Performance of the portfolio

The debt service cost of the net debt portfolio managed by the AOFM for 2004-05 was $2.92billion, or 7.02 per cent of the average book value of the portfolio.

This cost includes net savings of $182 million from domestic interest rate swaps undertaken to shorten the portfolio’s maturity profile. Without these savings, the debt service cost of the net portfolio would have been $3.1 billion, or 7.45 per cent.

These savings may be compared with those that would have been generated if the actual portfolio had aligned with the benchmark portfolio. While the benchmark portfolio involves a very large volume of hypothetical interest rate swaps, the comparison indicates that the net savings obtained from actual interest rate swaps represented the major part of the savings theoretically available from adherence to the benchmark.

Details of the factors that affected debt service cost during the year, and comparisons with the cost of the portfolio without swaps and with the cost of the benchmark portfolio, are provided later in this report.

Foreign currency exposure

Since the elimination of cross-currency swaps was completed in 2003-04, the remaining foreign currency exposure in the portfolio has been in the form of small residual physical loans. These are being repurchased when opportunities arise, or allowed to mature.
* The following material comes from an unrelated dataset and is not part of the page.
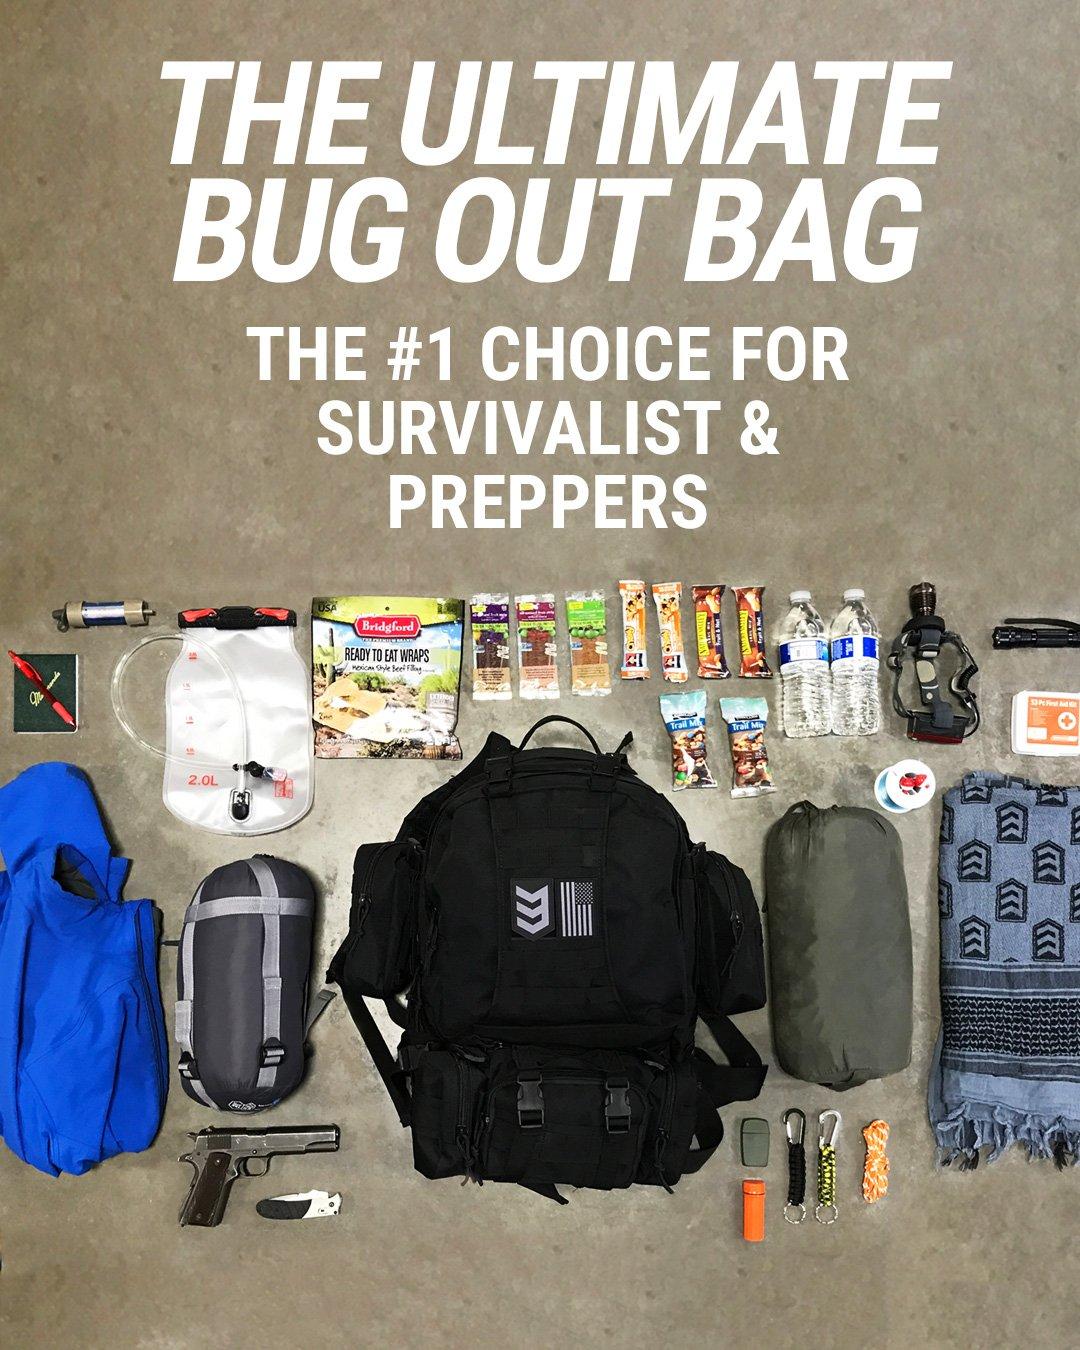 3V Gear Paratus 3-Day Bug Out Bag

During the year, three outstanding British pound denominated loans with a total face value of 39.1 million were fully redeemed. This followed agreement at meetings of loan stockholders to resolutions proposed by the AOFM to bring forward the maturity dates of the loans.

The remaining currency debt now comprises two US dollar denominated loans with a face value of US$17.9 million.

Credit management

The use of interest rate swaps exposes the Commonwealth to counterparty credit risk, although no default has been experienced since swap activities were commenced. The AOFM manages this risk by reference to a detailed credit policy which was revised and enhanced during the year. A major initiative was the introduction of collateral arrangements. These arrangements reduce credit risk as counterparties are required to post collateral when the AOFM’s exposure rises above a predefined threshold. By the end of the year collateral agreements had been concluded with 10 current swap counterparties.
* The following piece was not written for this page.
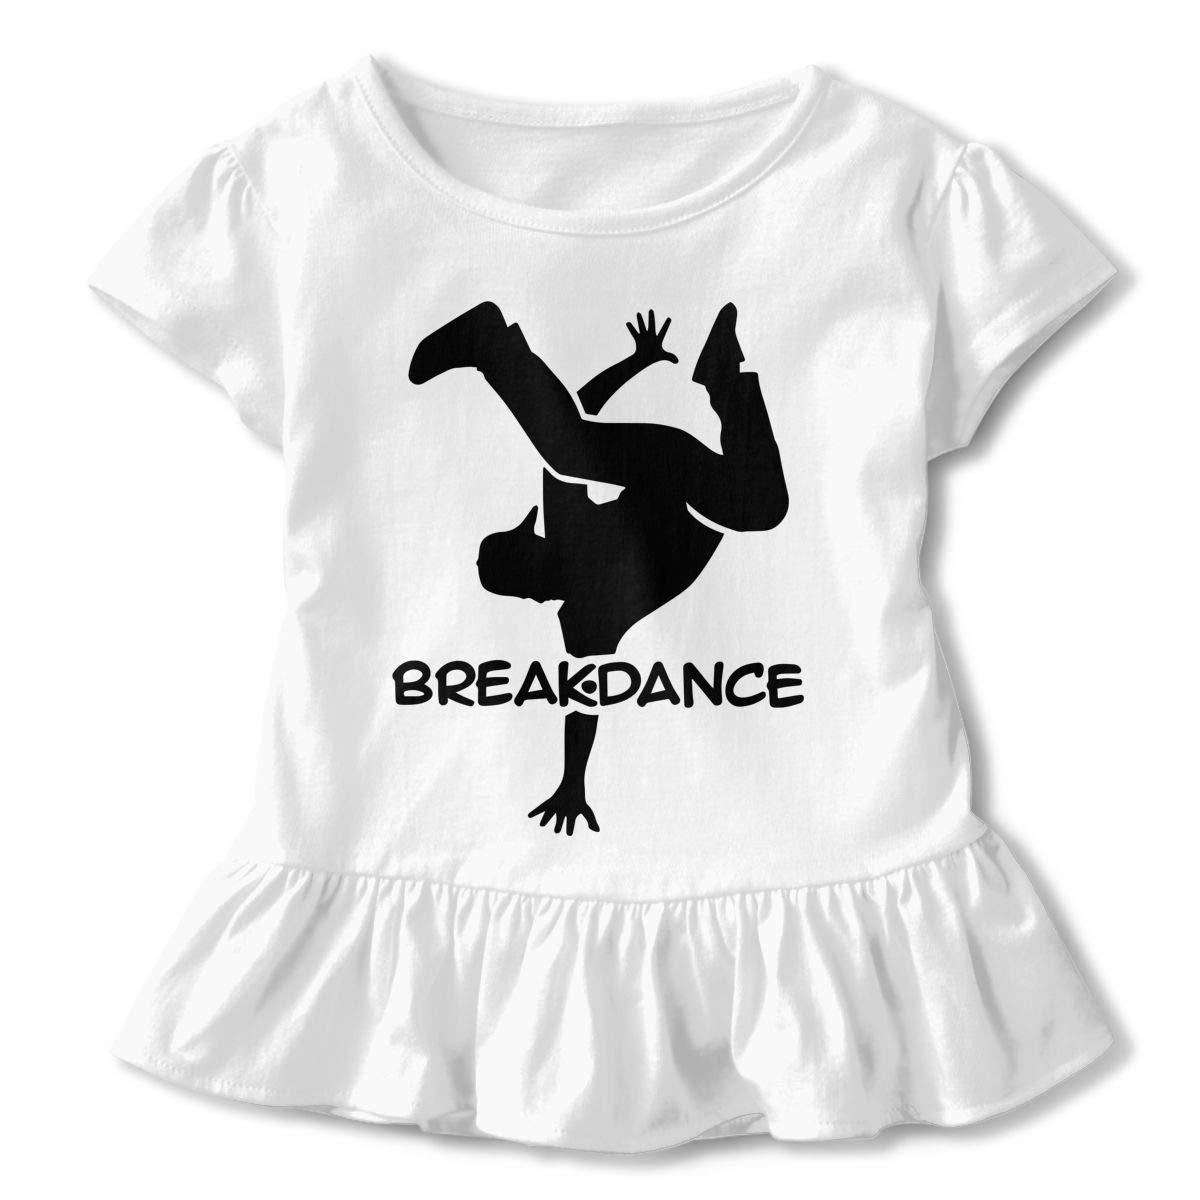 Breakdance Silhouette Kids Girls Short Sleeve Shirts Ruffles Shirt T-Shirt for 2-6T

The introduction of collateral will allow participation in swaps to be expanded to lower rated counterparties, while reducing exposures to credit risk overall since the exposure to these counterparties will be capped at modest levels as a result of the collateral arrangements.

Operational risk

Further progress was made during the year in strengthening the Office’s management of operational risk, including the development of business continuity and disaster recovery plans.

International Financial Reporting Standards

From 1 July 2005 the AOFM is subject to the new international financial reporting standard that is being applied in Australia by the Australian Accounting Standard 139. A later section in this annual report reviews some implications of the new standard for the AOFM and outlines our proposal to adopt a comprehensive income presentation format in reporting our administered operating results for 2005-06 onwards.

International activities

The AOFM supports sovereign debt management activities in other countries, including through the secondment of officers to the Solomon Islands and Papua New Guinea.

Two staff members are currently working to support debt management in the Finance Department of the Solomon Islands under the Regional Assistance Mission — Solomon Islands. Another is working as Debt and Cash Advisor in the Papua New Guinea Department of Treasury and Finance as part of the Enhanced Cooperation Program.

A senior staff member worked in the Thai public debt management office for two months, providing advice on plans to further develop the Thai bond market. A group of Thai debt management officials also visited the AOFM for five weeks.

Other contacts during the year involved visits to or from China, Denmark, France, Indonesia, Norway, South Africa and South Korea.


In February 2005, Michael Bath was promoted to the vacant position of Director, Financial Risk.

The past year provided many challenges for the office. I thank all of the staff for their hard work and commitment during the year. We look forward to making further progress together over the year ahead.